本研究は,北京地下鉄沿線の外国人観光者が多く訪れる18のエリアを中心として,文字標記の限界を乗り越える駅名表記の方法として、ピクトグラムの可能性を検討し、提案することを目的とする。
事例調査
先行事例として、メキシコと福岡のピクトグラムの調査を行い、双方の利点と欠点を抽出した。
メキシコ地下鉄の駅名ピクトグラム
メキシコ市地下鉄システムのために1969年にLance Wymanがデザインを担当し、彼と彼のチームは人口比に対する文盲率の高さを考慮して、ピクトグラムを用いて各駅を表記する有効性を提唱した。ピクトグラムの題材として駅の場所を表す動物や、近隣の景観的要素を加えて、説明しやすいものを作った。特殊な意味を持つピクトグラムは、識別しやすく、記憶しやすいと仮定された。

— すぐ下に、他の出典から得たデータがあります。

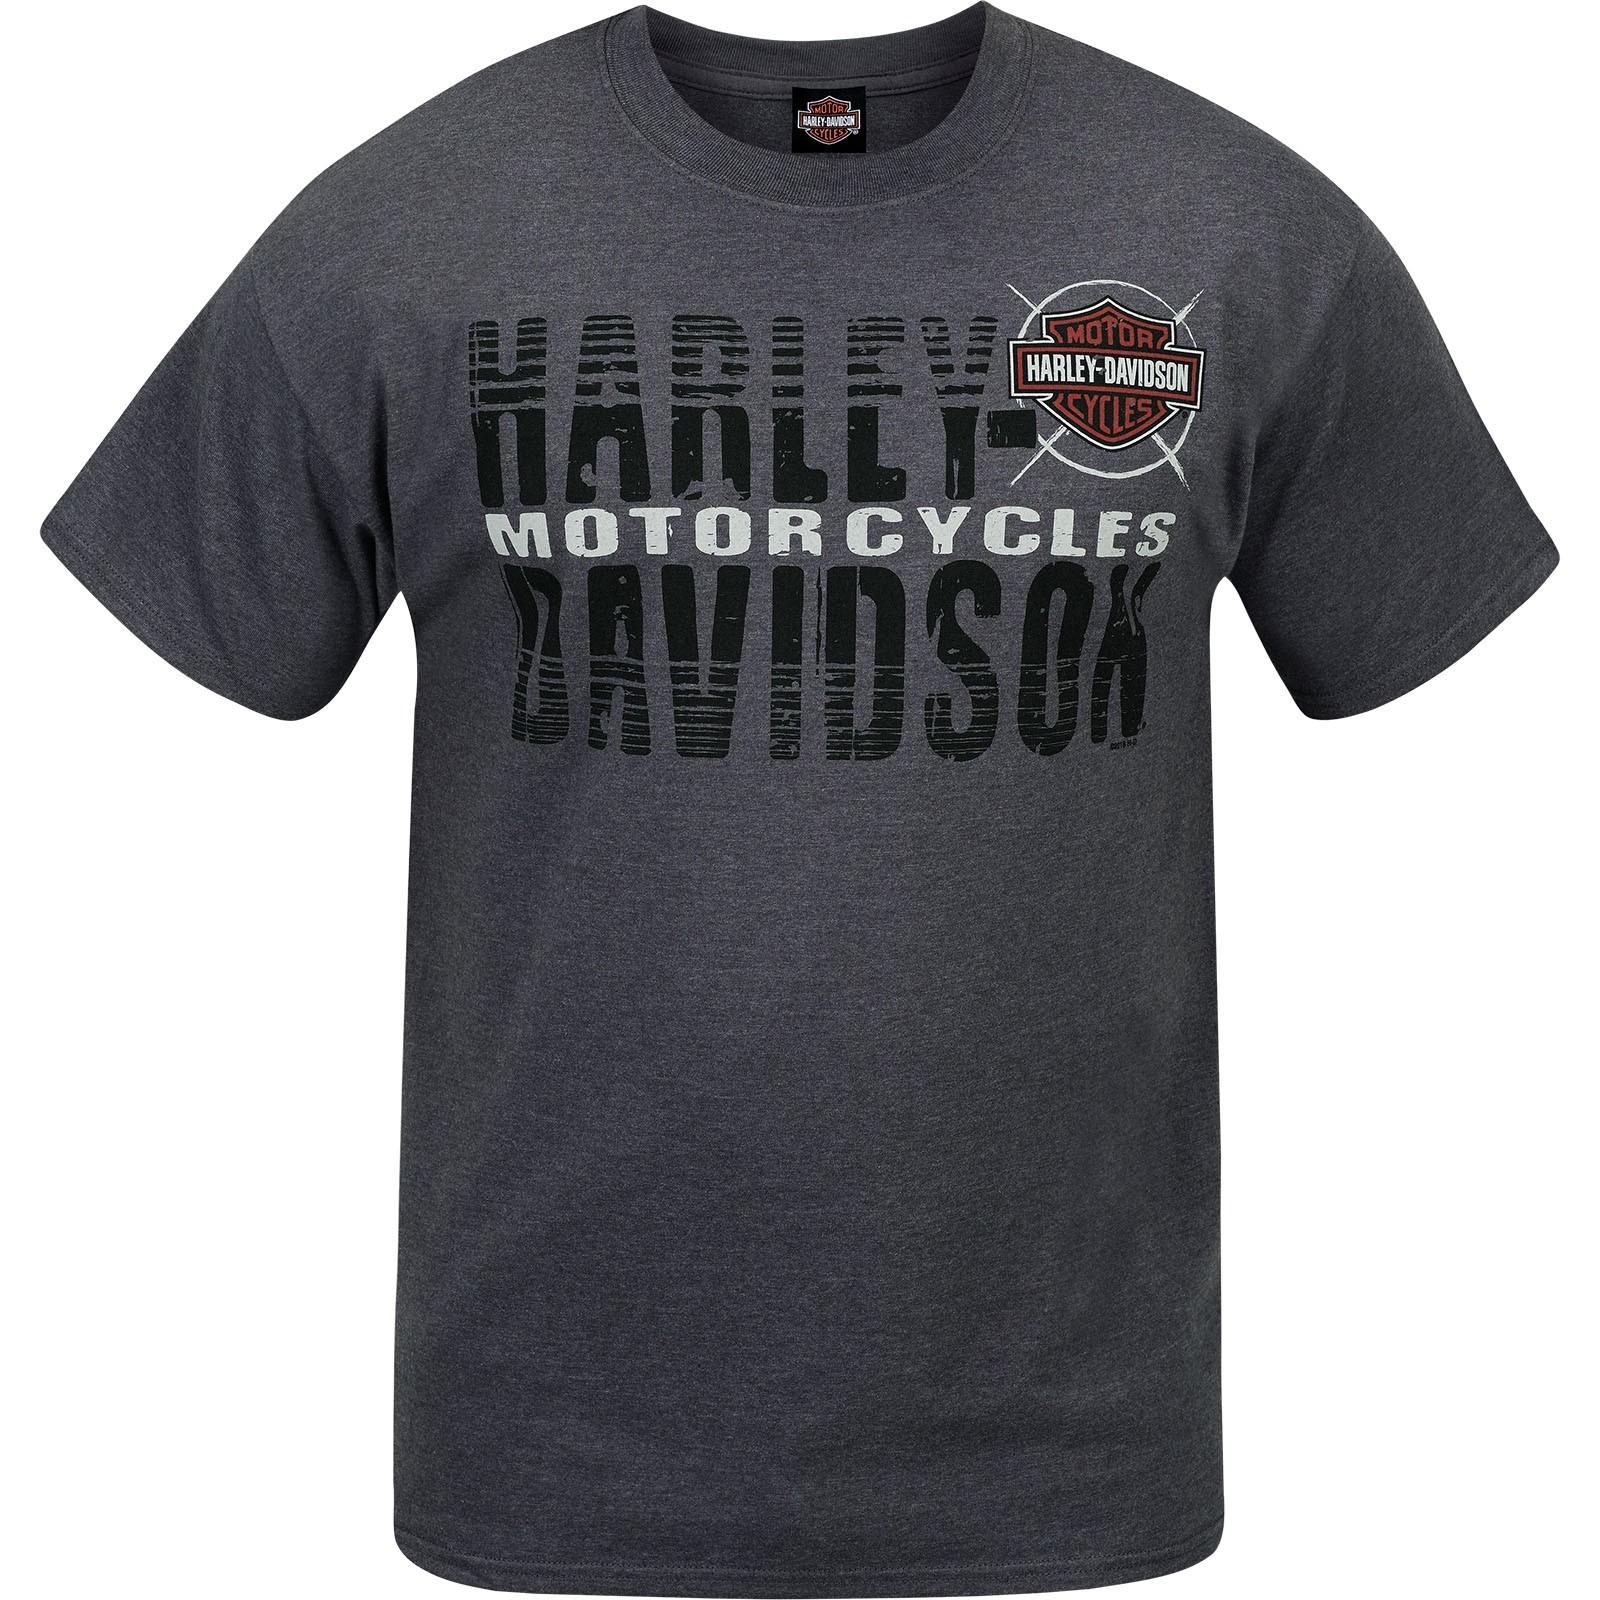 Harley-Davidson Men's Short-Sleeve T-Shirt - Camp Foster | Name Fade

このメキシコ市地下鉄の事例が、その後の他国の多言語環境下でのサインデザインに大きな影響を与えることとなった。 メキシコ地下鉄ピクトグラムの作成の利点:各ピクトグラムは1つの正方形から構成され、各図形の大きさとプロポーションは統一されており、駅区域内のある主要な内容を反映した明快なイメージが文盲率が比較的に高いメキシコの現地住民に便利なデザインとなっている。 メキシコ地下鉄ピクトグラムの作成の欠点:完成後、現地住民にとっても外国人観光客にとってもいくつかのピクトグラムに指示的でもなく、意味的関連性のわかりにくいものがある。
福岡市地下鉄の駅名ピクトグラム
福岡市地下鉄各線の各駅では現地の歴史と文化を表現するピクトグラムが表示されている。福岡市地下鉄駅のピクトグラムは、表現された意義によって5種類に分けられた。それぞれ、1)地名の由来;2)歴史、遺跡、伝統文化の表現;3)地区の一般的な特徴と機能を表現する;4)抽象的な表現;5)駅の周りで見ることができる動植物となっている。日本語がわからない外国人でもピクトグラムを通じて地下鉄の駅名をより迅速に記憶できるものとして、例えば桜坂駅は、駅の周りに桜がたくさんあることに関連して、桜をデザインのモチーフとしている。 福岡市地下鉄ピクトグラム作成の利点:ピクトグラムの作成には明確な分類があり、異なる色を用いて各駅の個性化が体系的に表現されている。各駅のピクトグラムには固有の意義と物語性があることから、現地住民にとっては愛着がわくものとなっている。 福岡市地下鉄ピクトグラムの作成の欠点:いくつかの抽象的な表現は外国人観光客にとって理解しにくい。例えば、別府駅では,頭文字のひらがな「べ」の文字がモチーフとなっているが、日本語を勉強したことのない外国人にはまったく理解できない。
北京地下鉄のピクトグラム制作
以上の、メキシコと福岡地下鉄ピクトグラムの長所と短所に基づき、現地住民の親近感を高めるとともに、外国人観光客が観光地に対する印象を深め、駅名を覚えやすいピクトグラムの作成を方針とする。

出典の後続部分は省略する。